Q. I know the rainout was something you did not foresee, but had you known there were going to be five straight games, do you think both teams might have carried an extra starter so would you not have to use a starter on three days' rest potentially? And do you think you should have had an opportunity to revise it today?
TONY LaRUSSA: Should I have had an opportunity to what?

Q. Revise the roster today.
TONY LaRUSSA: That's an interesting question. I haven't really thought about whether you should have an opportunity to revise if you get a day of rain.
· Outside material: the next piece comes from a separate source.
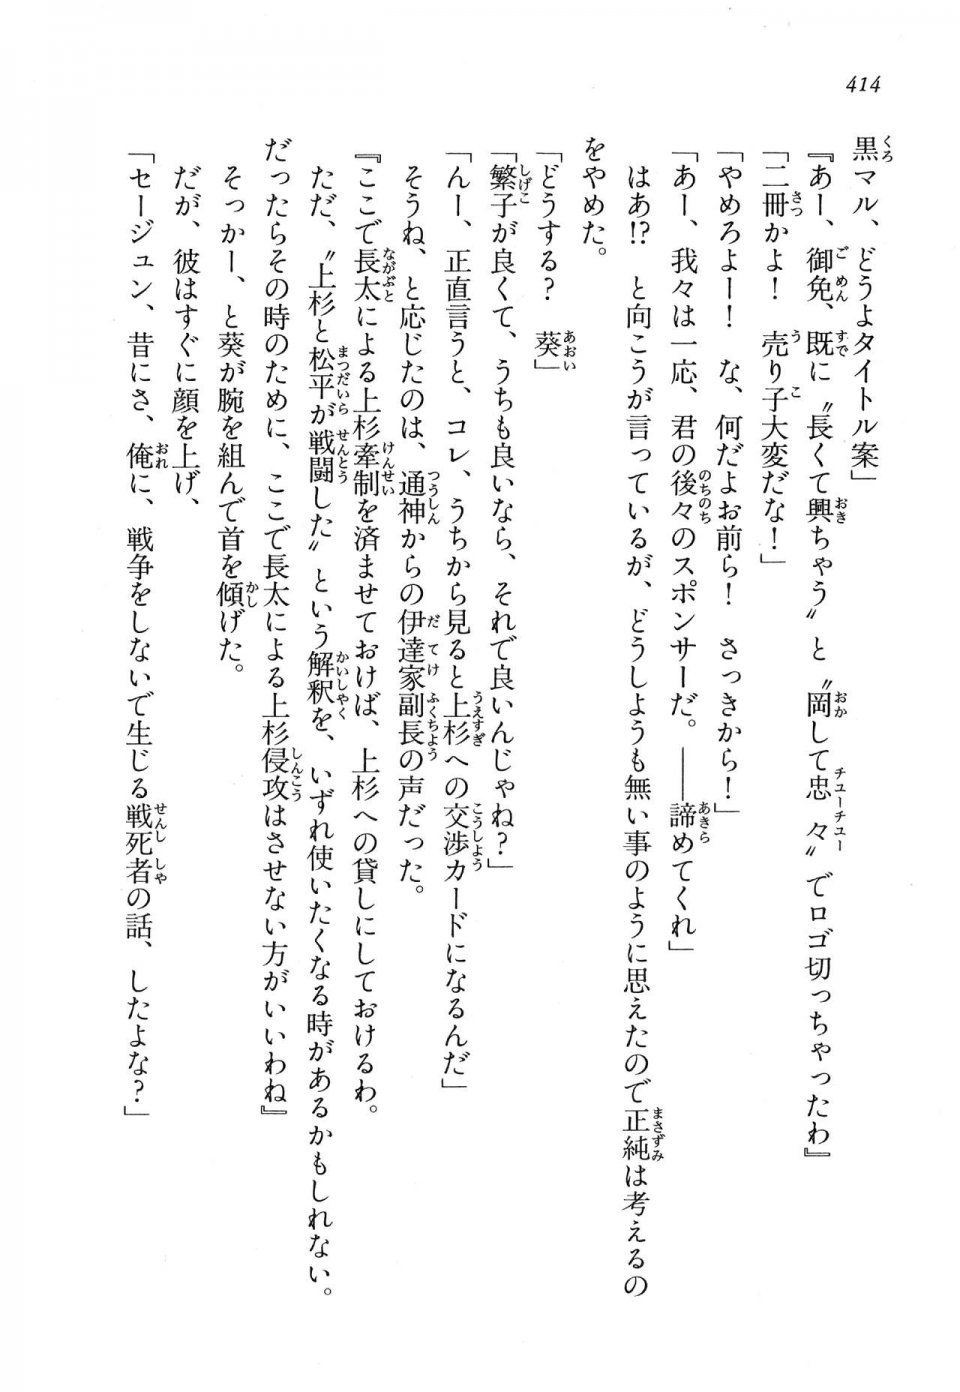 Kyoukai Senjou no Horizon LN Vol 16(7A) - Photo #414

I hadn't thought about it, so I don't know what the answer to that would be.
But if you're going to play five in a row, would you set up your roster different? I'd say probably not. Because as much as you're looking at a starting pitcher, if you play five in a row, you're going to need relievers, bullpen is going to be involved five straight days. So the alternative would be to come in there with 12 pitchers and 13 players, and that's something you do during the season, protect your pitching, that's a tough way to play. So my guess is we wouldn't change anything.

Q. Speaking of changes, Game 2 starter, are you staying with Jeff or what are you doing with that?
TONY LaRUSSA: We decided we're going to pitch Chris. And it's simple as he's our best pitcher and that's his fifth day. Seems to make sense that if there's a game on a day that he's used to pitching, whatever the reason is, you don't pitch him.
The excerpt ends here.